Press Fürther Nachrichten 22./23.11.1997

Love for the Blues

A guitarist with feeling and a voice to match: Richard Smerin at the Kulturforum

A feeling for the Blues. London guitarist Richard Smerin.

The Blues is about pain and the conquest of pain. Richard Smerin obviously suffered with the way many of his contemporaries were treating his beloved Blues standards. That was the pain. The conquest is his CD, "Q. - M.U.D.".

Some of the tracks are songs by Muddy Waters, Little Walter, Rod Dawes, Bob Dylan and Jesse Fuller, which Smerin thinks have been most badly mistreated. The rest are songs with a personal meaning for the London-born guitarist.

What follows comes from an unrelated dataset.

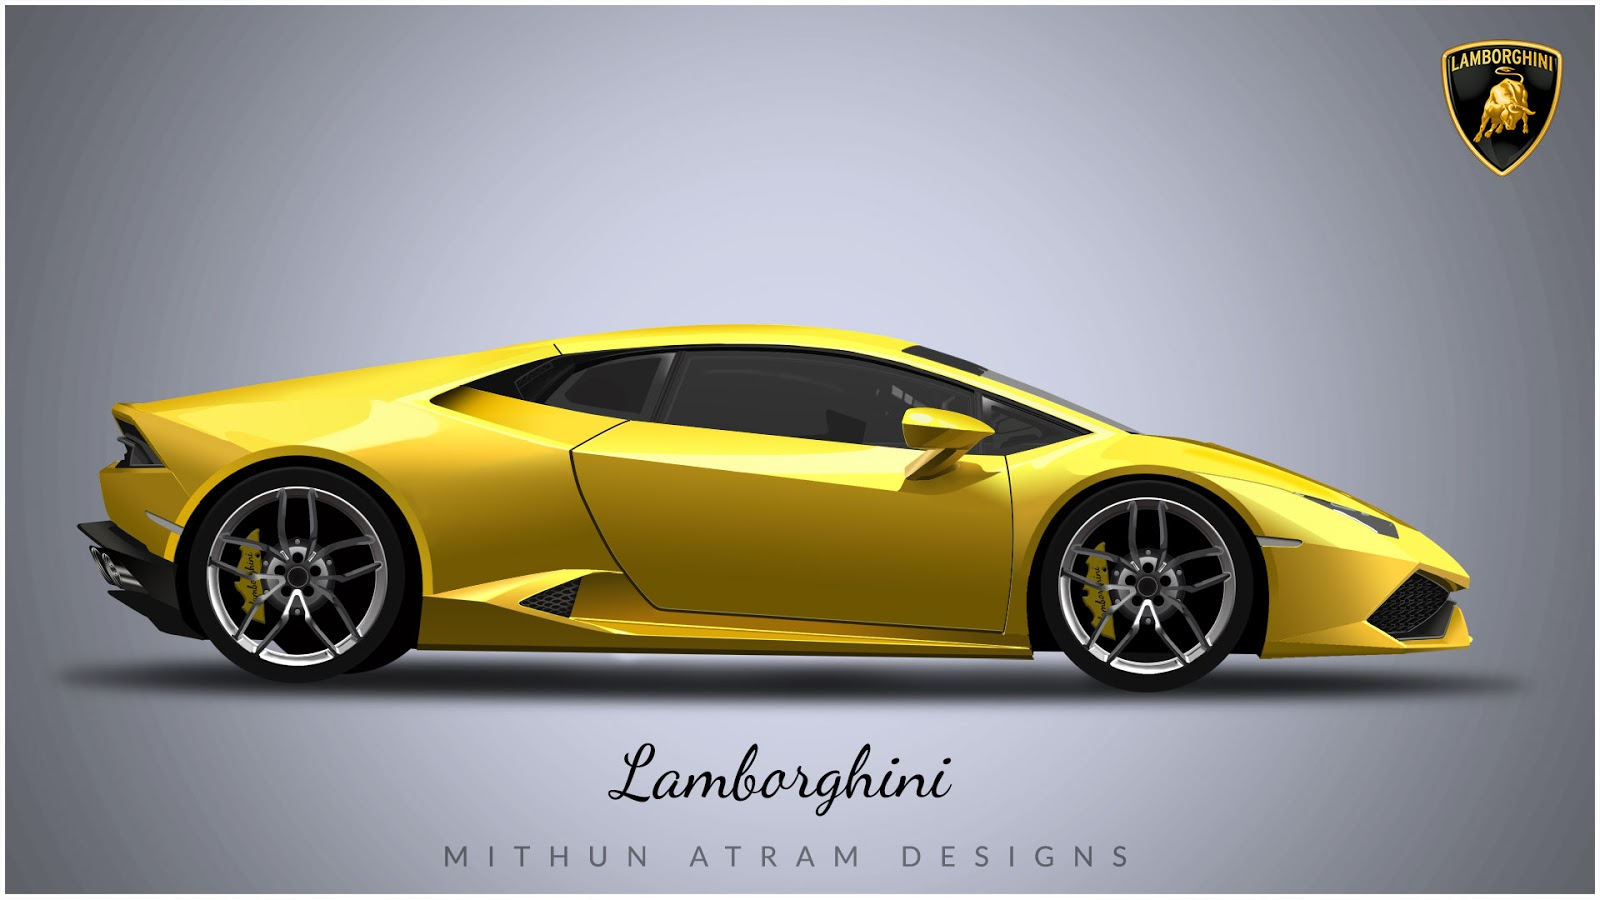 Lamborghini In Photoshop Mithun Atram Designs

Smerin, who is practically unknown in Germany, has been playing guitar since he was seven. He has accompanied B.B. King, John Lee Hooker and Bobby 'Blue' Bland. He has a relaxed fingerpicking style, influenced by the Mississippi and Memphis traditions, with no superfluous solos and embellishments. The accent is on the song itself.

Singing is often the weak point of European Blues performers. Smerin has a voice. A warm voice, somewhat irregular in the higher reaches, that always stays close to the spoken word. A voice that is wonderfully suited to his fluent fingerpicking. You can feel Smerin's love for these songs, which all have a story to tell. He often gives them a personal twist. The abrupt ending to his version of "Me An' T' Chauffeur", which was often sung by Jo Ann Kelly, is a reminder of the singer's tragic early death.

Whether Smerin is singing the "San Francisco Bay Blues" or calling on the wind to "Blow Wind Blow", his rendering is always sensitive and true to the original, yet stands on its own.
There are subtle links between the songs. Dylan's "Blind Willie McTell" precedes "Delia" - McTell's own arrangement. The cover notes give a lot of background. The songs were recorded in Berlin in less than six hours. "The result is not perfect," Smerin writes, "but then, neither am I."

Smerin will be performing along with Blues guitarist Klaus Brandl at 8 p.m. on Saturday at the Kuturforum Schlachthof.